Литература как жизнь. Том I - Урнов Дмитрий Михайлович 7 стр.


По пути в нашу деревню мы оказались на бывшем бойком месте, где устраивались ярмарки, там уцелела чайная, воспетая поэтом Николаем Тряпкиным: «Чайная, чайная, место неслучайное…» Зашли в эту чудом сохранившуюся чайную, взяли пару чая, отец нам объяснил: кипяток и заварка, мы с братом поняли смысл слов, попадавшихся в классике, и двинулись дальше.

У деревни, прямо на дороге, пересекая нам путь своей тенью, стоял человек. Зимняя шапка была на нём… Вспоминая эту шапку среди яркого лета, я вижу её нелепость, но тогда, явись кто в кольчуге, удивления не было бы, всё казалось воскресающим баснословным прошлым. Отец обратился к стоявшему по имени: «Ты ли это?» – и назвал себя.

«А-а, – отозвался человек, – давно тебя не было»

«Ты ли это?»

«Я и есть», – подтвердил встречный безучастно, словно он ли, не он – неважно.

Они постояли друг против друга.
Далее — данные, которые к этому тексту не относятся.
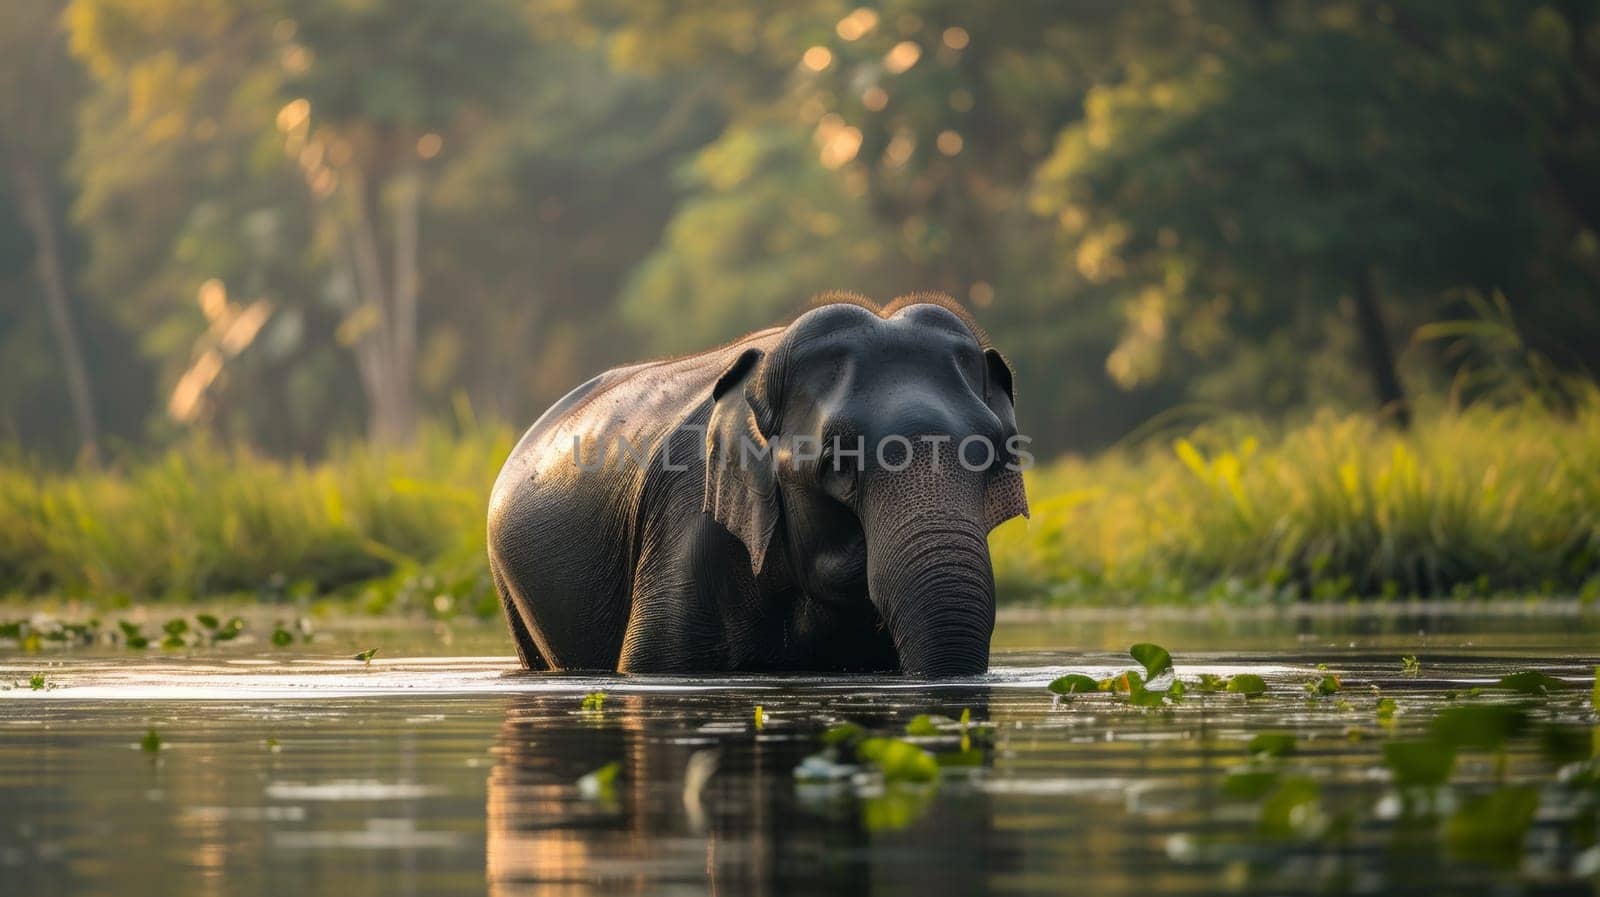 An elephant is walking in the water with grass and trees behind it, AI by starush

Ветер задел редеющие волосы отца, блеснула седина. Отец спросил: «Наши есть?» В шапке утвердительно кивнул в ответ, однако не показал к ним, хотя бы невольным взмахом, дороги, будто проверял, всё ли отец забыл и что помнит. Отец и не спрашивал. Они ещё постояли друг против друга с отсутствием выражения на лицах. Стояли, не произнося ни слова, казалось, лишь затем, чтобы послушать, как пролетает, сухо посвистывая, ветер.

«Ладно», – произнёс отец.

«Ага», – отозвался встречный, и мы пошли.
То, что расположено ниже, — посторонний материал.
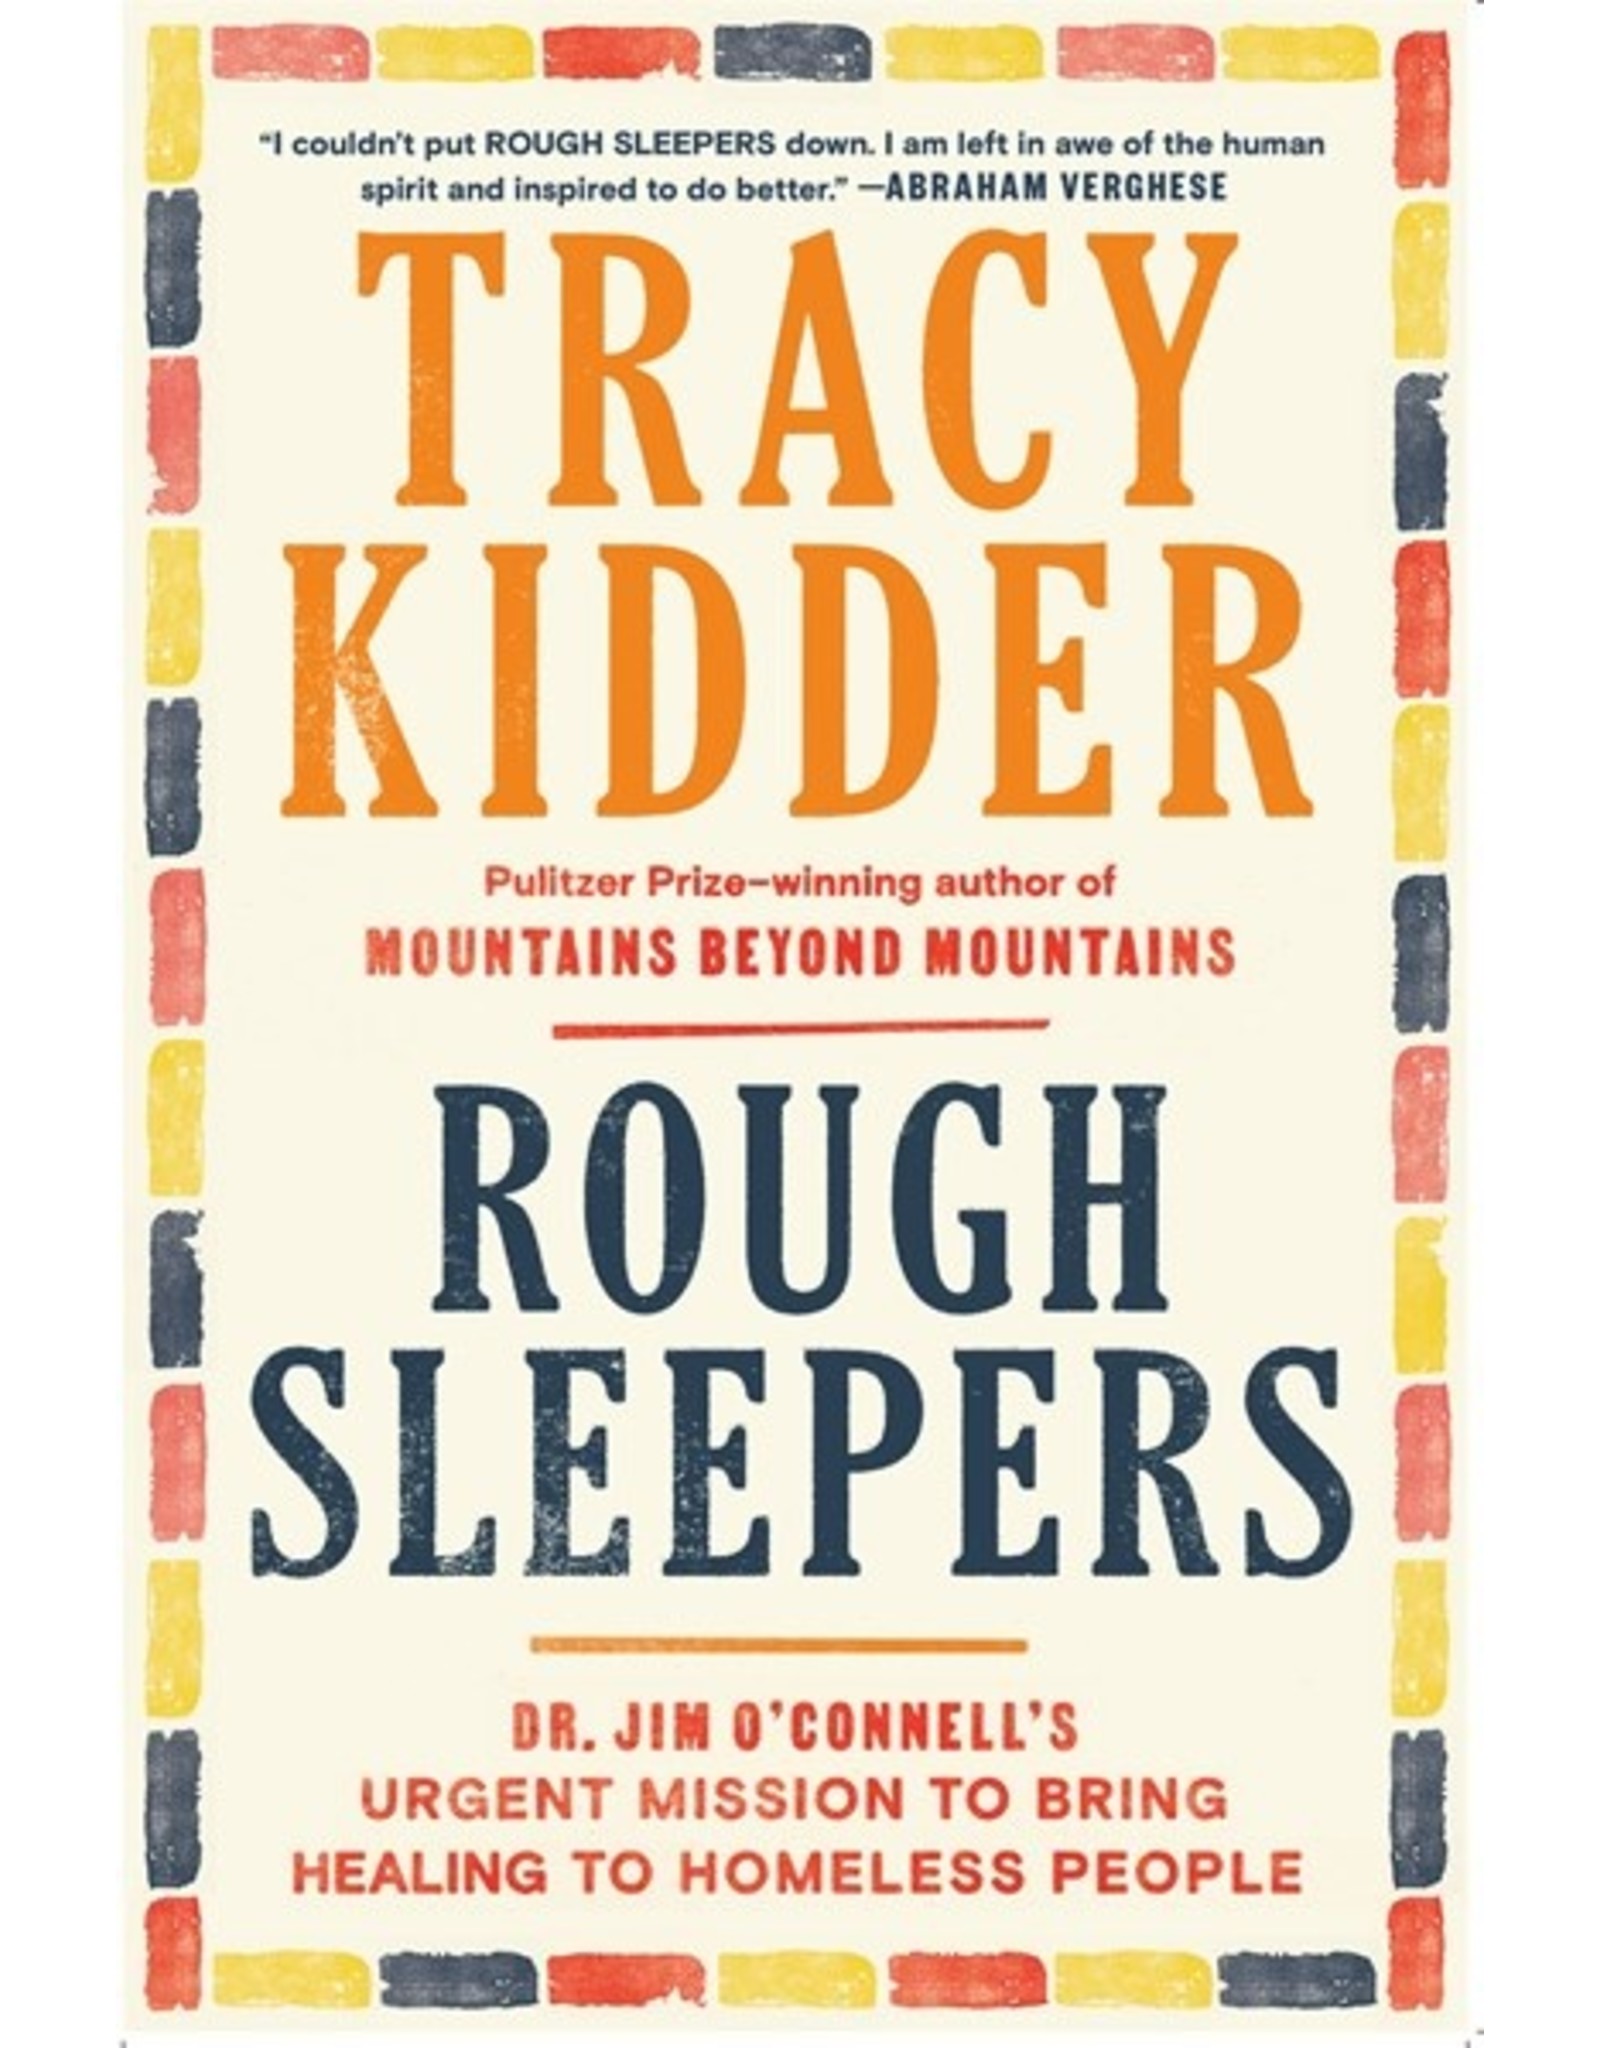 Books Rough Sleepers : Dr. Jim O'Connell's Urgent Mission to Bring Healing to Homeless People by Tracy Kidder

«Сосед», – пояснил отец и вдруг воскликнул: «Хорош! Сам себя не узнает»

Позднее, в течение дня, я от сельских родственников услышал, что это Карась, из бедноты, похоже, уклонившийся от сведения счётов со своим социальным врагом, и отец, кажется, был несклонен освежать их общих воспоминаний.
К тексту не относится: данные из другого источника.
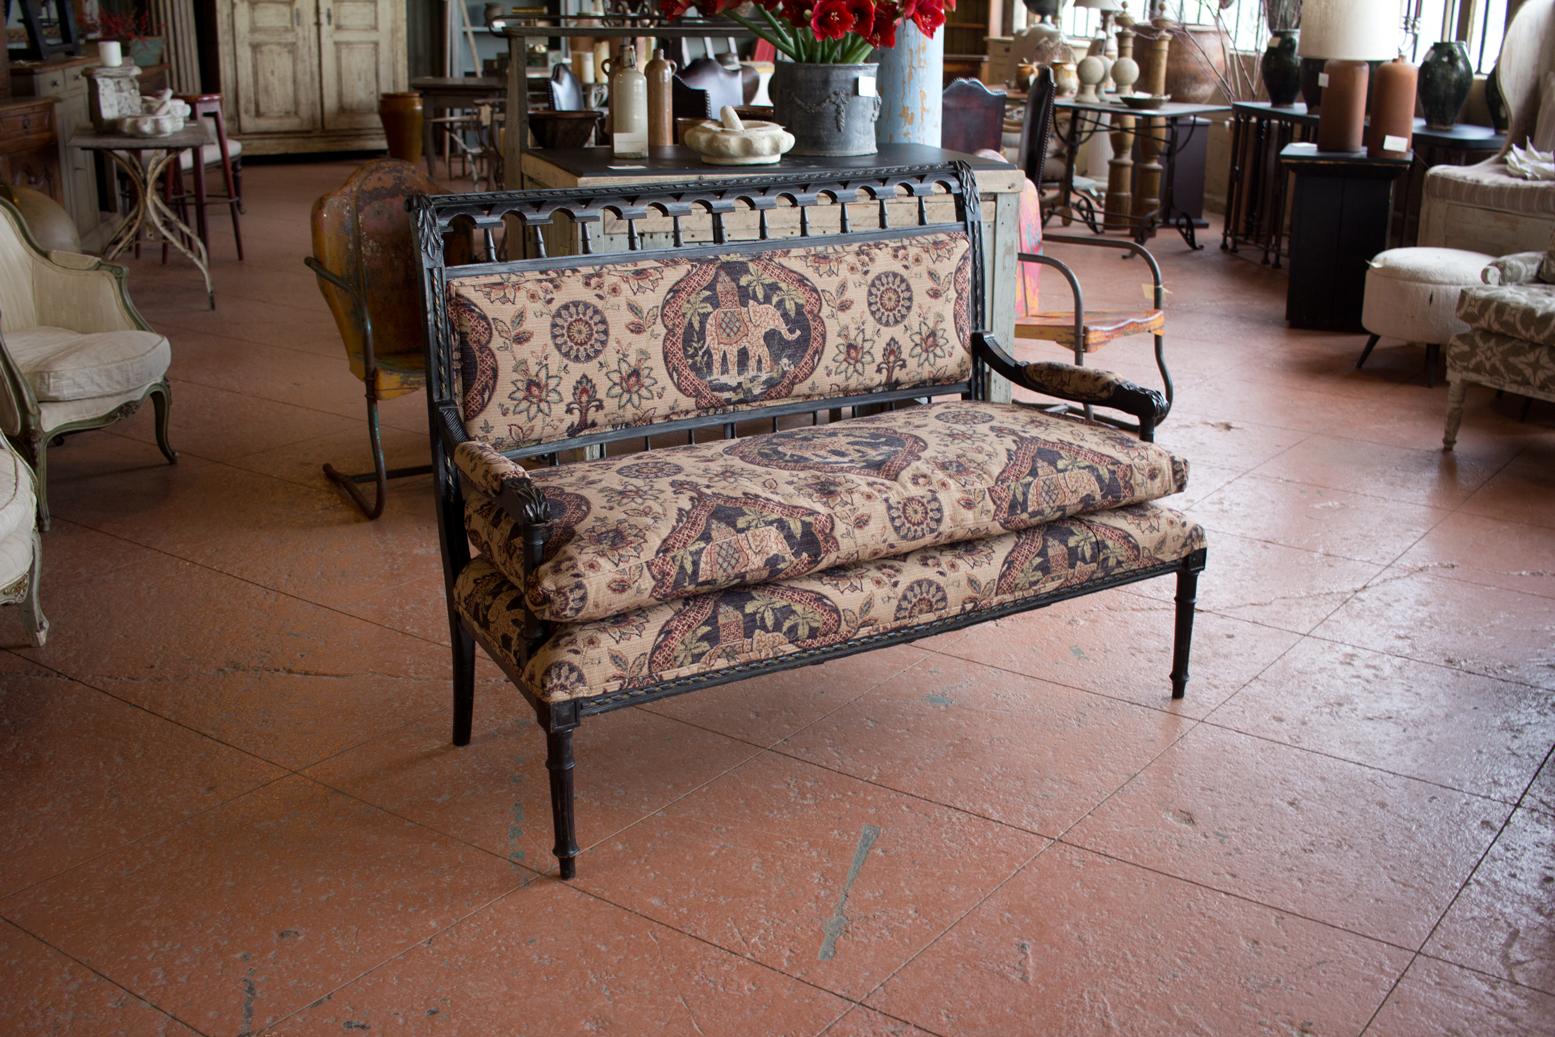 Antique Louis XVI bench style settee refurbished and with new upholstery.

«Тут была пасека» – отец указал на пустырь, когда мы пришли в деревню. Мёд, по его словам, возили на ярмарку. Стоя на семейном пепелище, отец после паузы произнёс: «Сапоги шили на продажу». Словно сознаваясь в постыдном поступке, добавил едва слышно и скорбно: «У нас уже почти была своя фабрика». «Мы были кулаки?» – спросил Сашка. Отец помедлил с ответом, не желая отягчать сознание тринадцатилетнего сына знанием навешенного на семью ярлыка. Выдержав паузу, сказал: «Богатыми были Тузовы, а Урновы с ними породнились». «Тузовы» и означает богачи. Как появились Урновы, тоже известно. В книге о происхождении русских фамилий оксфордский филолог, по рождению москвич, занес «Урновых» в разряд имен, произведенных от предметов[39]. У нас предметом послужила кружка: наш предок, выбранный сельским старостой, собирая подати, ходил по деревне с урной, его прозвали «Урна». Мой отец ещё помнил: кто называл его Кудимовым, а кто – Урновым, прозвище в конце концов заменило фамилию, все, кто зовутся придуманным на живой памяти именем, – родственники.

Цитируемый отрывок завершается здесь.